In diese Bauzeit fällt meine Zeugung, daher wohl mein stetes Trachten nach baulichen Veränderungen und Verbesserungen. Es ist dies ein Erbteil aus dieser Zeit, denn auch meine Mutter musste auf dem Bau tätige Hilfe leisten. Im Herbst 1898 war der Bau soweit fertig, dass die parterre gelegenen Räume bezogen werden konnten. Zur Kirmes 1898 zogen die Eltern mit meinen vier älteren Geschwistern in den Neubau. Dabei wurde jedoch ein schwerwiegender Fehler begangen, der die Ursache zu dem späteren unheilbaren Gelenkrheumatismus bei meiner Mutter wurde. Als Schlafzimmer wurde ein Raum auf der Nordseite gewählt. Ein einziges Fenster nach Norden (ohne Sonne), nach Westen die Hauswandwetterseite, nach Süden der Türdurchbruch zur Küche, nach Osten die Wand des Viehstalls. Der ganze Bau noch zu feucht und frisch, der Schlafraum ohne Unterkellerung. Von den Wänden tropfte im Winter das Wasser und ein kleiner eiserner Ofen schaffte nur wenig Abhilfe.

 

Teil 1: Geburt, Kindheit und Jugend:

 

In dieser Stube erblickte ich am 18. Dezember 1898 das Licht der Welt. Ich war das erste neugeborene Kind in diesem Hause und ein Sonntagskind. Vier ältere Geschwister außer mir damals in der Familiengemeinschaft, davon drei Brüder und eine Schwester. - Ich soll im Anfang meines Lebens sehr schmal, hager und schwach gewesen sein. Da meine Eltern wohl Angst hatten, dass ich nicht lange diese Erde beglückten würde, erfolgte schon zwei Tage später in der katholischen Pfarrkirche in Wünschelburg meine Taufe. Ich erhielt dabei die Vornamen Paul Heinrich. Taufpate war der Tischlermeister Heinrich Klose aus Wünschelburg. So klein und schmächtig ich aussah, genau aber so gesund und lebensfähig erwies ich mich. In den ersten Lebensjahren hatte ich weißblondes gelocktes Haar, das später nachdunkelte. Als kleines Kind hatte ich die Untugend, von den Wänden den Kalk und Putz mit Löffel oder Fingern abzukratzen und aufzuessen. Leider verstanden die Eltern dieses instinktmäßige Treiben nicht und wussten nicht, dass der kleine Körper Kalk zum Aufbau brauchte. Die Kost war während meiner ganzen Jugend einfach und einseitig.

 

Frühstück: Roggenmehlsuppe mit eingebrocktem Brot.

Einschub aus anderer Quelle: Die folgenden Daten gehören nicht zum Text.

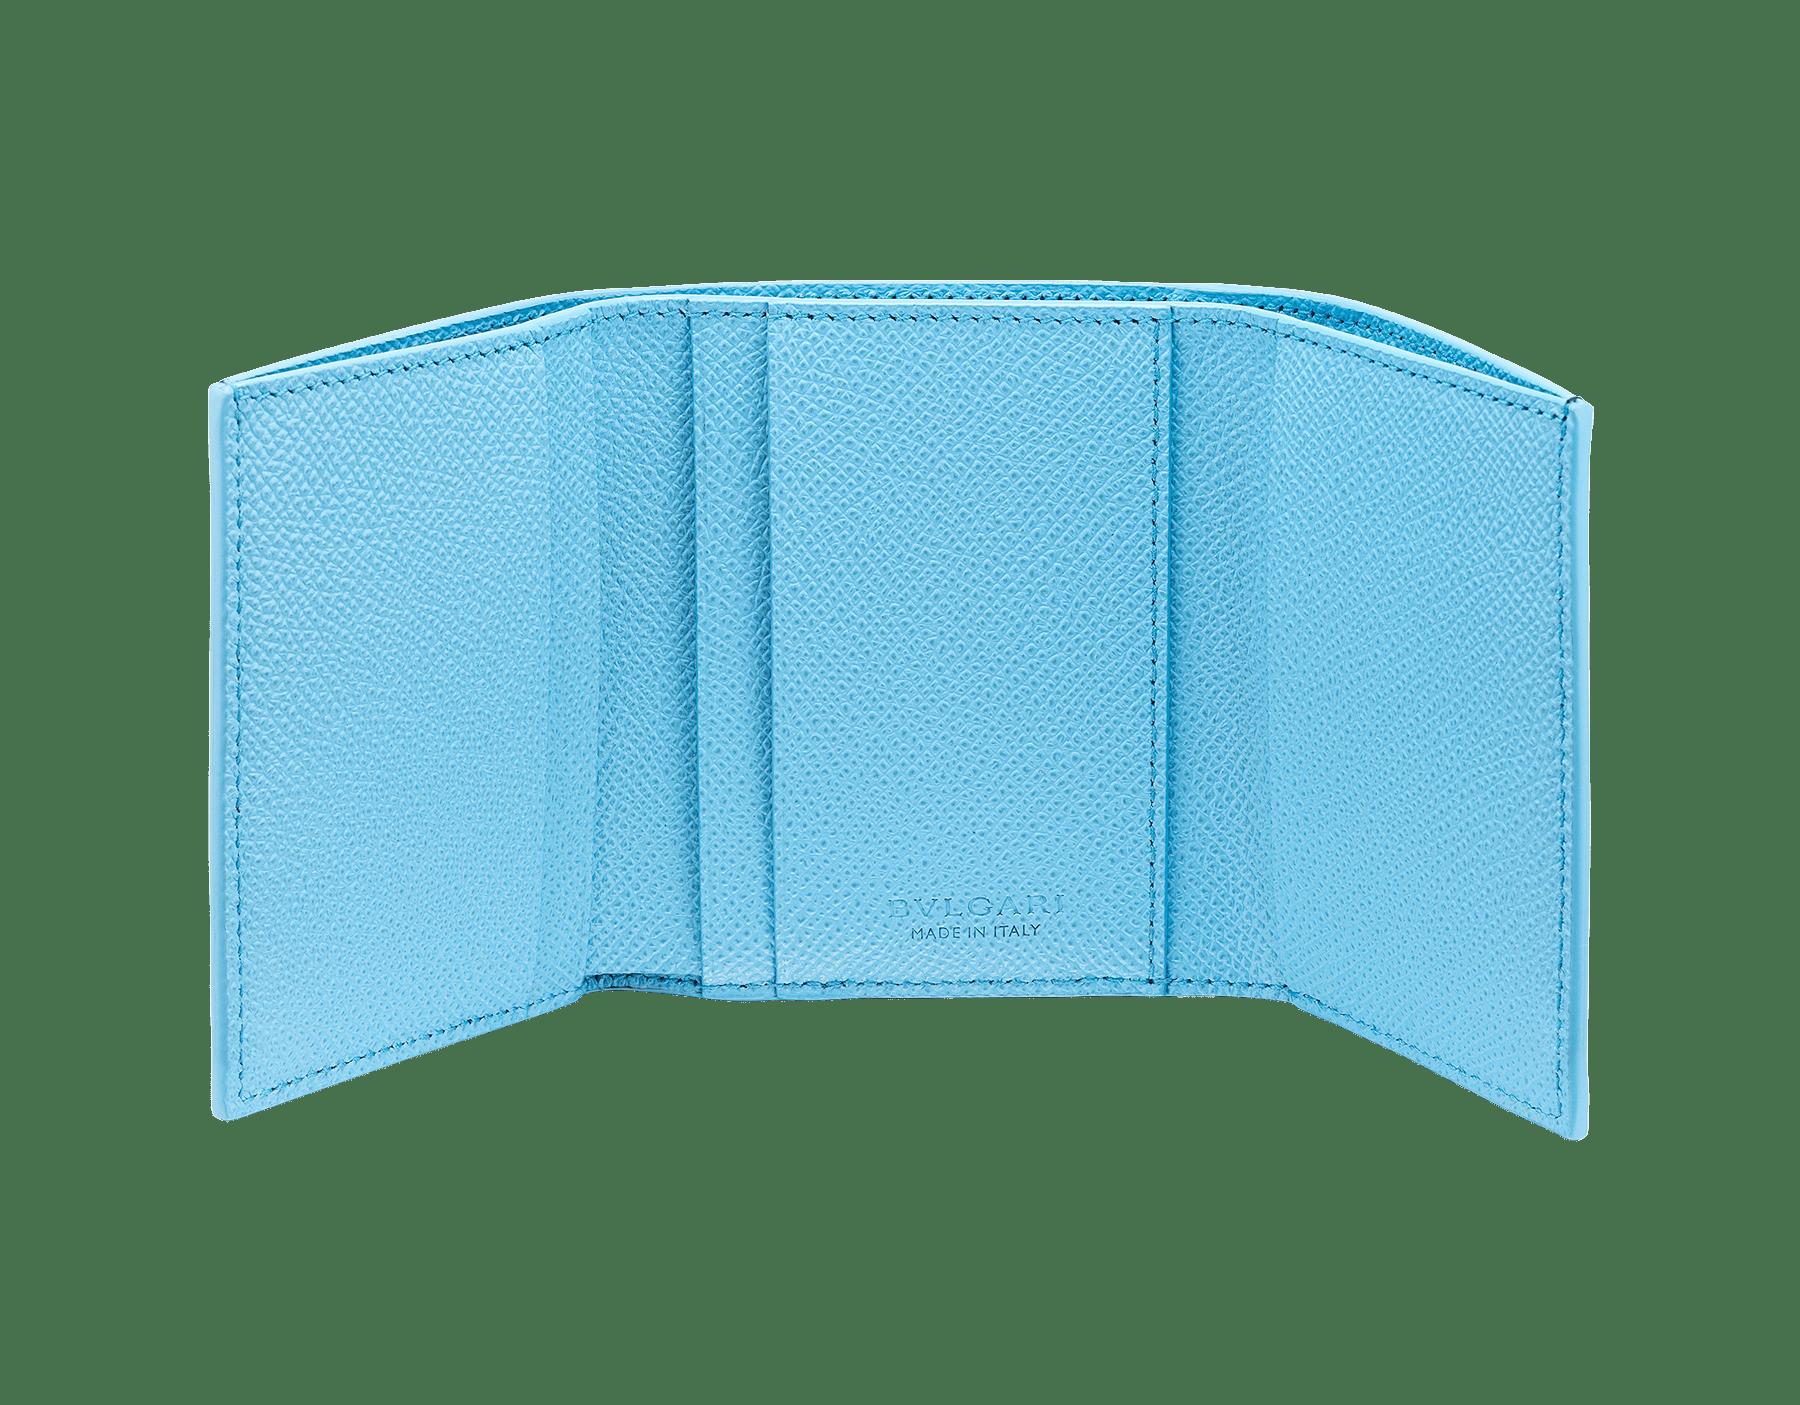 """Bvlgari Clip"" slim compact wallet in Denim Sapphire blue and Aegean Topaz light blue grained calfskin. Iconiclogo clip closure in palladium-plated brass BCM-SLIMCOMPACTa image 2"

Mittags: Suppe, Kartoffeln zu Quark und Kaffee.

Abends: Wassersuppe, Brot mit aufgekratzter Butter und Kaffee.

 

Fleisch gab es höchstens zwei mal in der Woche und zwar stets gekochtes Rindfleisch, im Winter Schweinefleisch mit Rauchfleisch gekocht. Nur an Feiertagen kam Braten auf den Tisch. Wurst höchstens Samstags ein kleines Stück Knoblauch- Zwiebel- oder Pferdewurst.

 

Im Alter von vier Jahren fiel ich beim Spiel vom ersten Stock der Scheuer auf die Tenne und lag vier Stunden bewusstlos. Meine Spielfreunde waren die Nachbarskinder Leo und Gretel Seidelmann, aber an sich habe ich mich viel allein beschäftigt. So verging die Jugendzeit bzw. Kindheit, aber infolge sehr schmaler und einseitiger Kost blieb ich schmal und schwach und gegenüber besser gestellten Kindern in der Entwicklung körperlich zurück. Im Jahre 1903 kam noch eine Schwester von mir zur Welt, sodaß ich dann nicht mehr das Nesthäkchen war.

 

Ereignisse in der Familie, Haus und Wirtschaft

 

Mein Vater hatte sich mit dem Hausbau sehr in Schulden gestürzt und wurde von den Gläubigern arg bedrängt, sodaß es nur durch direkt spartanische Lebensführung gelang, die Zinsen zu zahlen und die nun achtköpfige Familie zu erhalten. - Das alte Holzhaus und große Teile des Grundbesitzes hatte der Hausbau verschlungen und musste verkauft werden.- Nun, wo der Webereibetrieb mit den Handwebstühlen erst richtig losgehen sollte und schon acht bis zehn Webstühle angeschafft waren, kamen die großen Webereifabriken auf und nahmen den an sich armen Handwerkern Arbeit und Existenz weg.

 

So ging es auch meinem Vater, denn die Mittel, um nun einen richtigen Fabrikwebereibetrieb aufzuziehen, hatte er nicht und fand wohl auch keine Möglichkeit, sich diese Mittel zu beschaffen. Ein großer Teil des Grundbesitzes war verkauft. Da aber eine andere Verdienstmöglichkeit in dem kleinen abgelegenen Städtchen ohne Industrie nicht vorhanden war, pachtete Vater nun von der Stadt Acker und Wiesen und verlegte sich auf Pachtlandwirtschaft. Den 1.Stock des Hauses ließ er in Wohnungen umbauen, worin dann Mieter einzogen. In dieser Zeit (1900-1905) wurde das Steinsägewerk in der Entfernung von ca. 200m erbaut, wodurch auch Einnahmen durch Quartierleute erzielt wurden. Außerdem wurde die Heuscheuerstraße in Richtung nach Bad Kudowa erbaut. Als ständige Mieter wohnten hauptsächlich Steinmetzpoliere mit ihren Familien bei uns. Infolge Staublunge (Berufskrankheit) starben die Männer schon alle in jungen Jahren, sodaß unser Haus bald in den Ruf eines Sterbehauses kam. Als neugebautes, völlig allein stehendes Haus war es dem Wetter auf der Westseite auch zu viel ausgesetzt, sodaß die Wohnungen ungesund wurden, weil darin gekocht und gewaschen wurde.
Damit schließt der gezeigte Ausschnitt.